Second, Dante is a very effective visual poet. As Eliot also noticed, his characters are often defined by their gaze — most memorably, in Purgatorio 6, we see the 13th century troubadour Sordello watching Virgil and Dante like a couchant lion on guard. No need to know the meaning of “couchant” in medieval heraldry to visualize the scene and feel the tension! Similarly, one does not need to be familiar with the palio del drappo verde, a famous horse race in Verona, to perceive the painful irony in Inferno 15: Dante’s beloved professor, Brunetto Latini, is tortured forever in Hell as a sodomite. The reason why he keeps running so fast in the desert is the burning sand under his feet. However, he may look, at first sight, like a running champion, one of those who wins the green cloth, not one who loses.

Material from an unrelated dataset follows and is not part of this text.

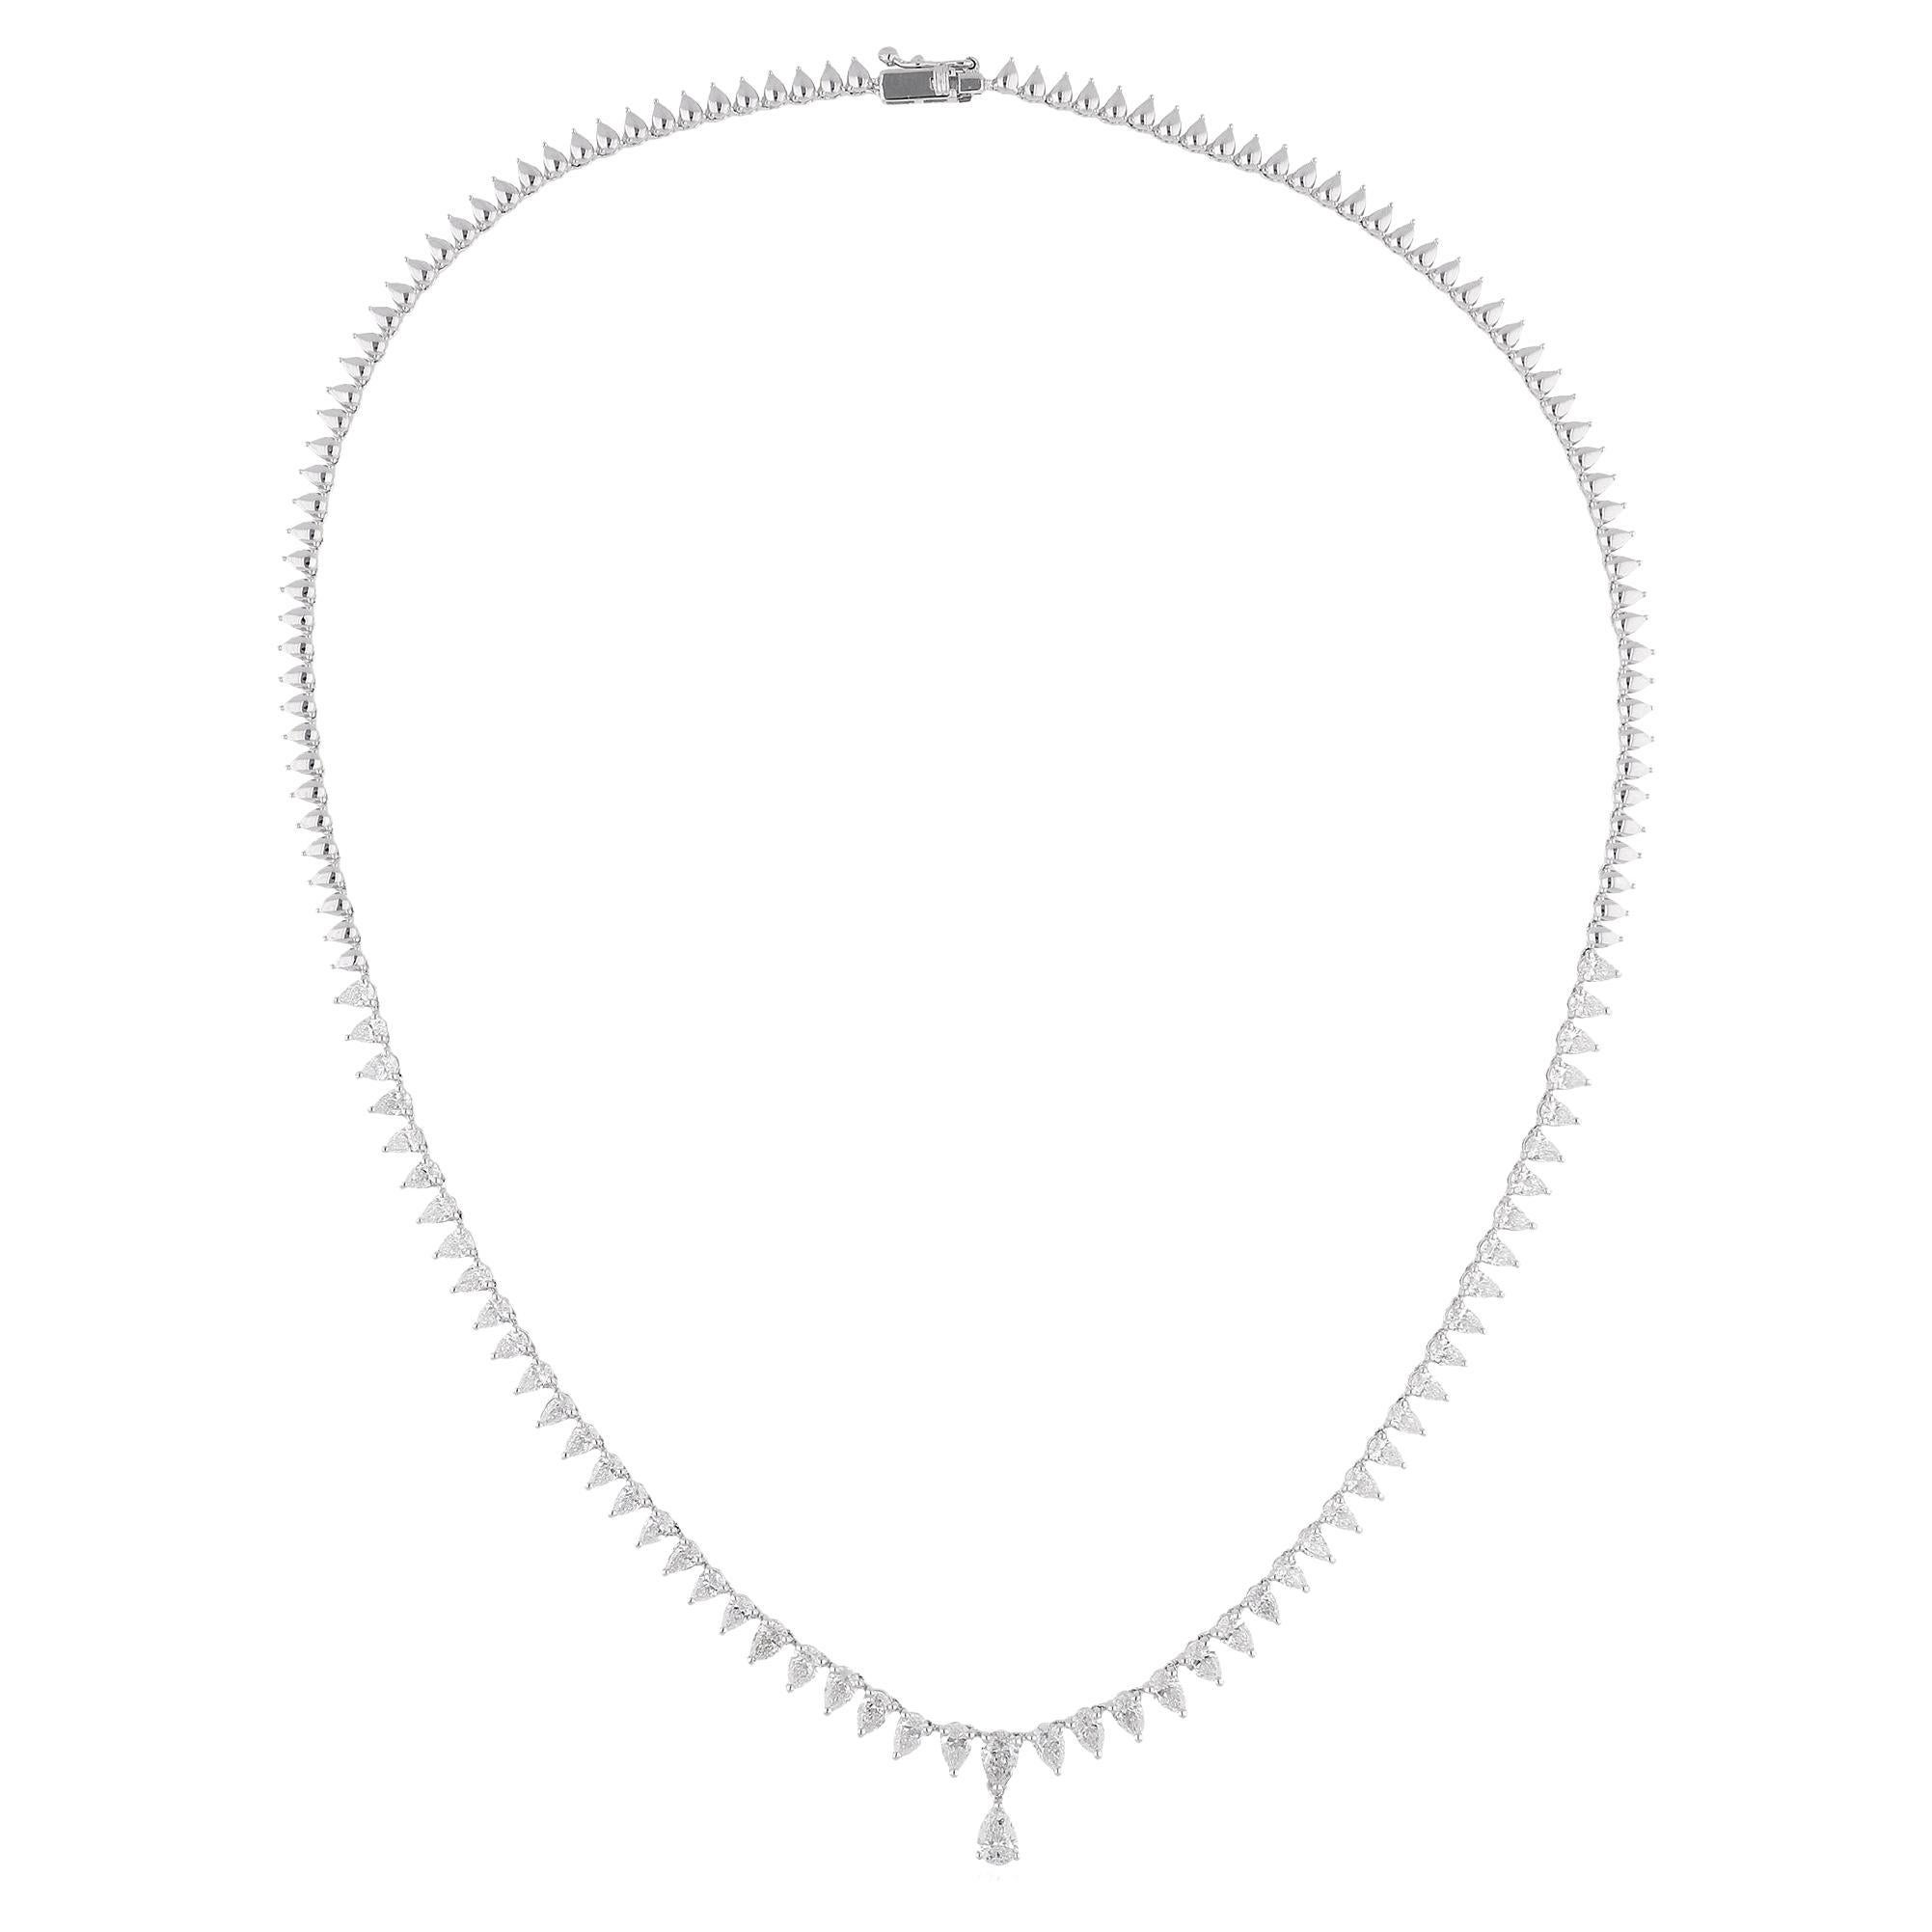 5.50 Carat Pear Shape Diamond Necklace 18 Karat White Gold Handmade Fine Jewelry For Sale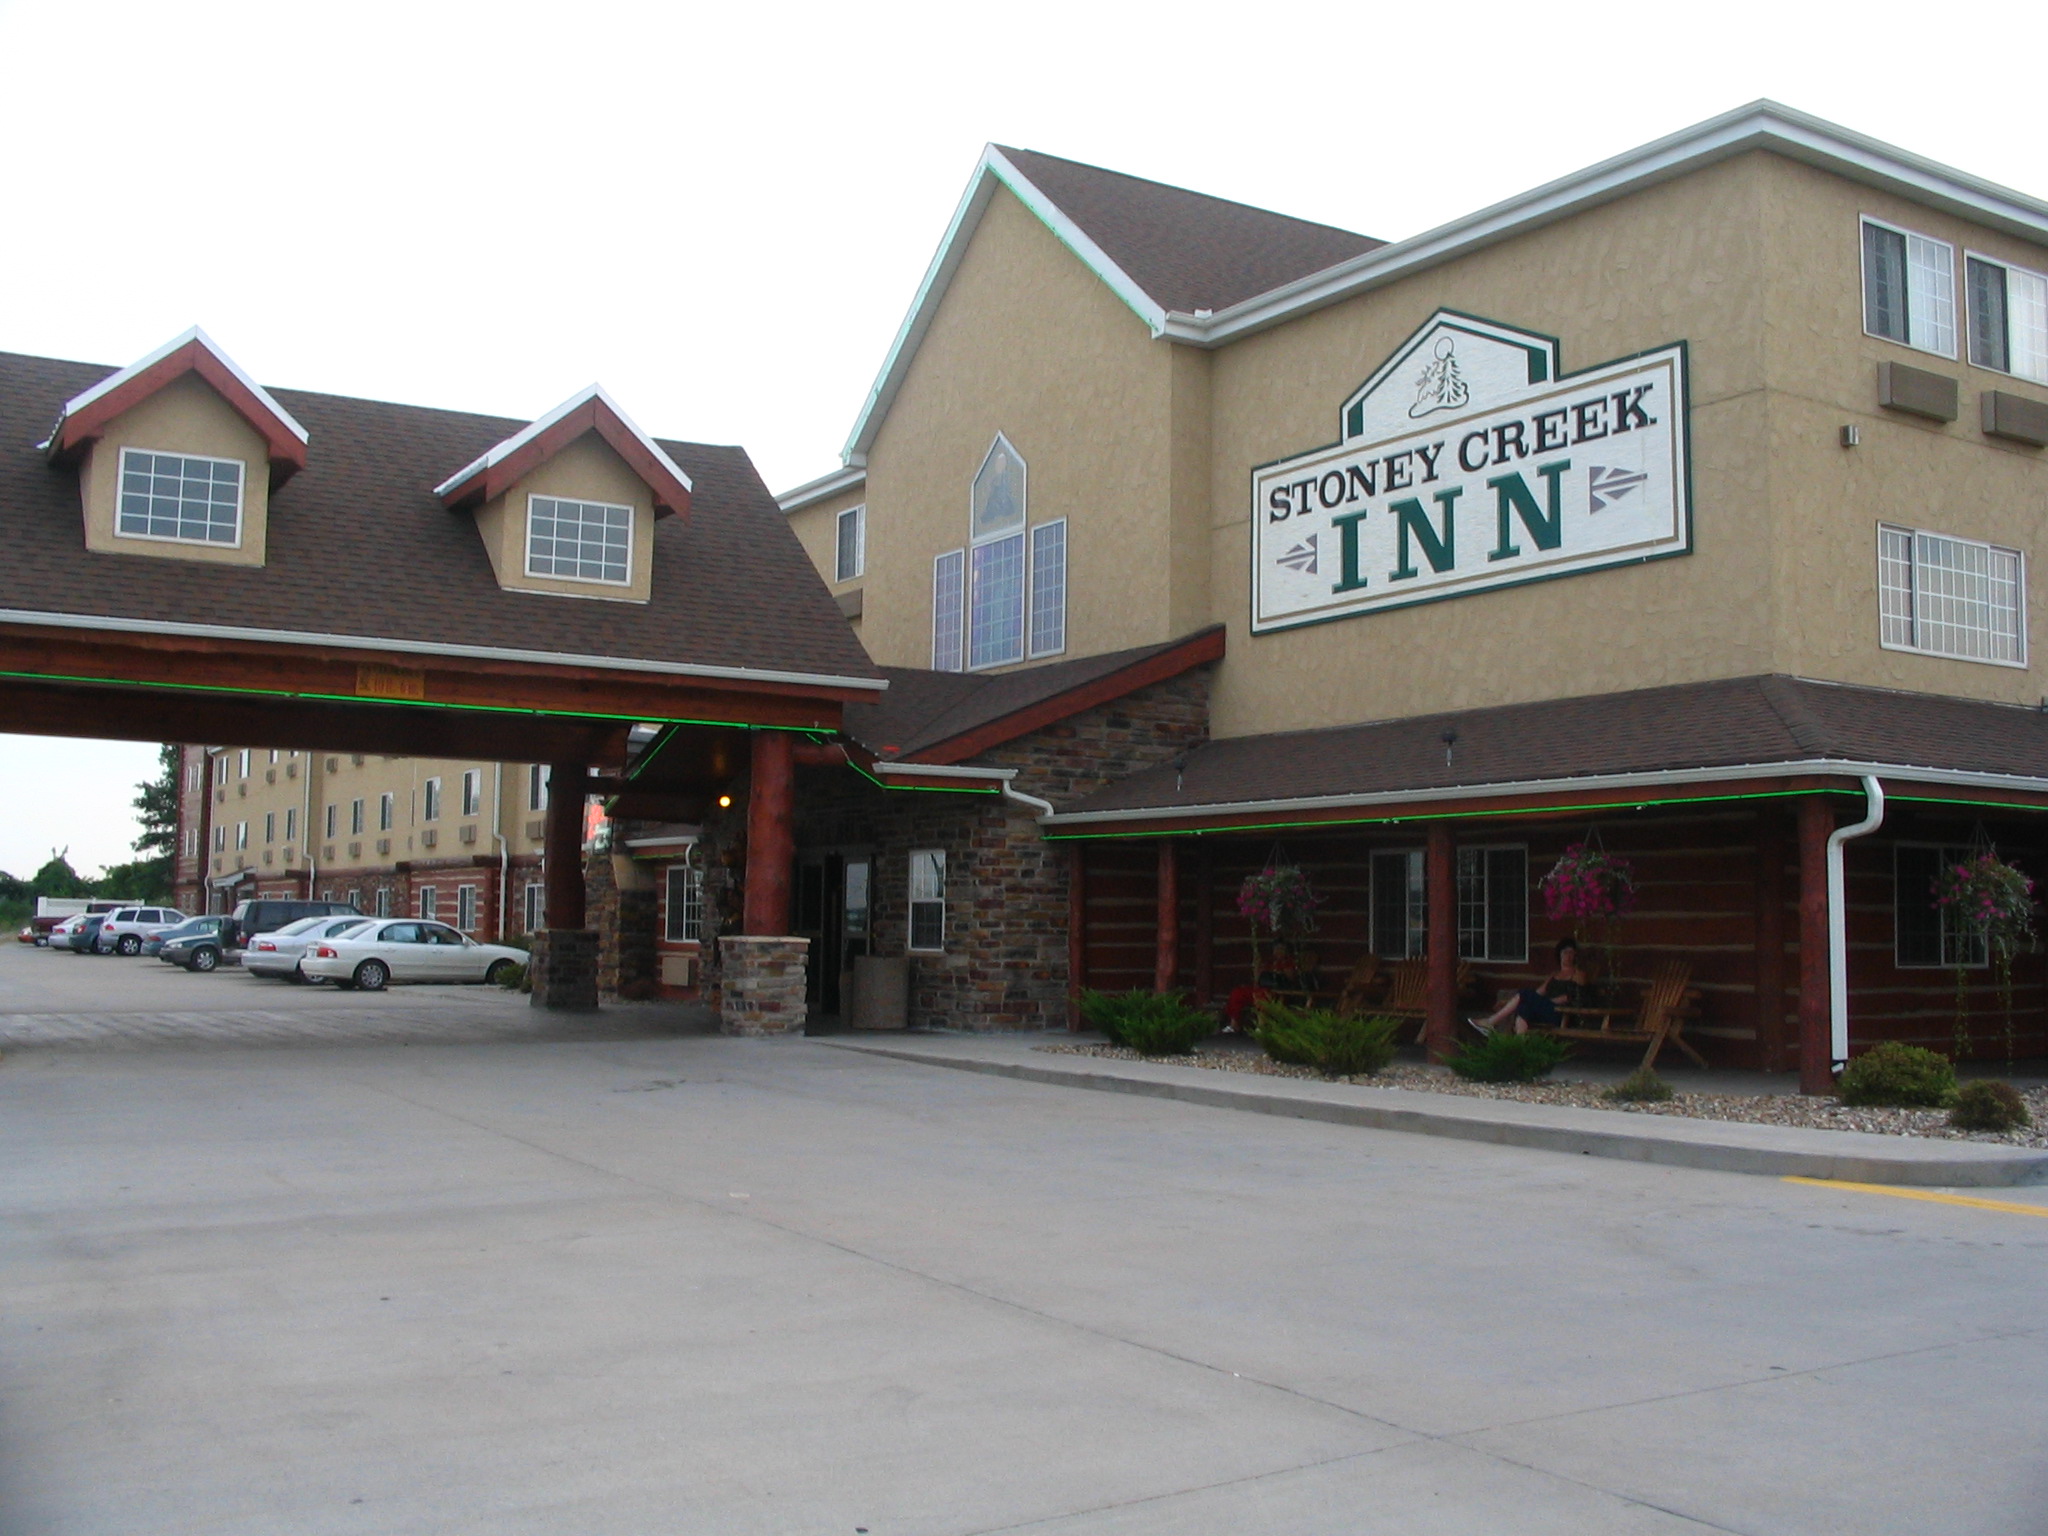 Stoney Creek Inn, our reunion headquarters

Finally, Dante is an endless source of inspiration for visual artists, from manuscript illuminators and book illustrators to filmmakers. From Sandro Botticelli to Kara Walker, artists have interpreted and transformed the Divine Comedy according to their own personal language, memories, and perspective on life and society.

The exhibition is organized by gallery, first to provide a history of the Dante collection at Cornell, and next to communicate Dante’s cultural significance, while acknowledging political issues related to his iconic status across seven centuries. Continuing onward, an understanding of medieval theories of vision situates Dante in his own time while setting the stage for subsequent illustrators’ and artists’ encounters with the Divine Comedy from the Renaissance in Europe up until the present day.

We hope you will enjoy the exhibition and form your own “Visions of Dante”!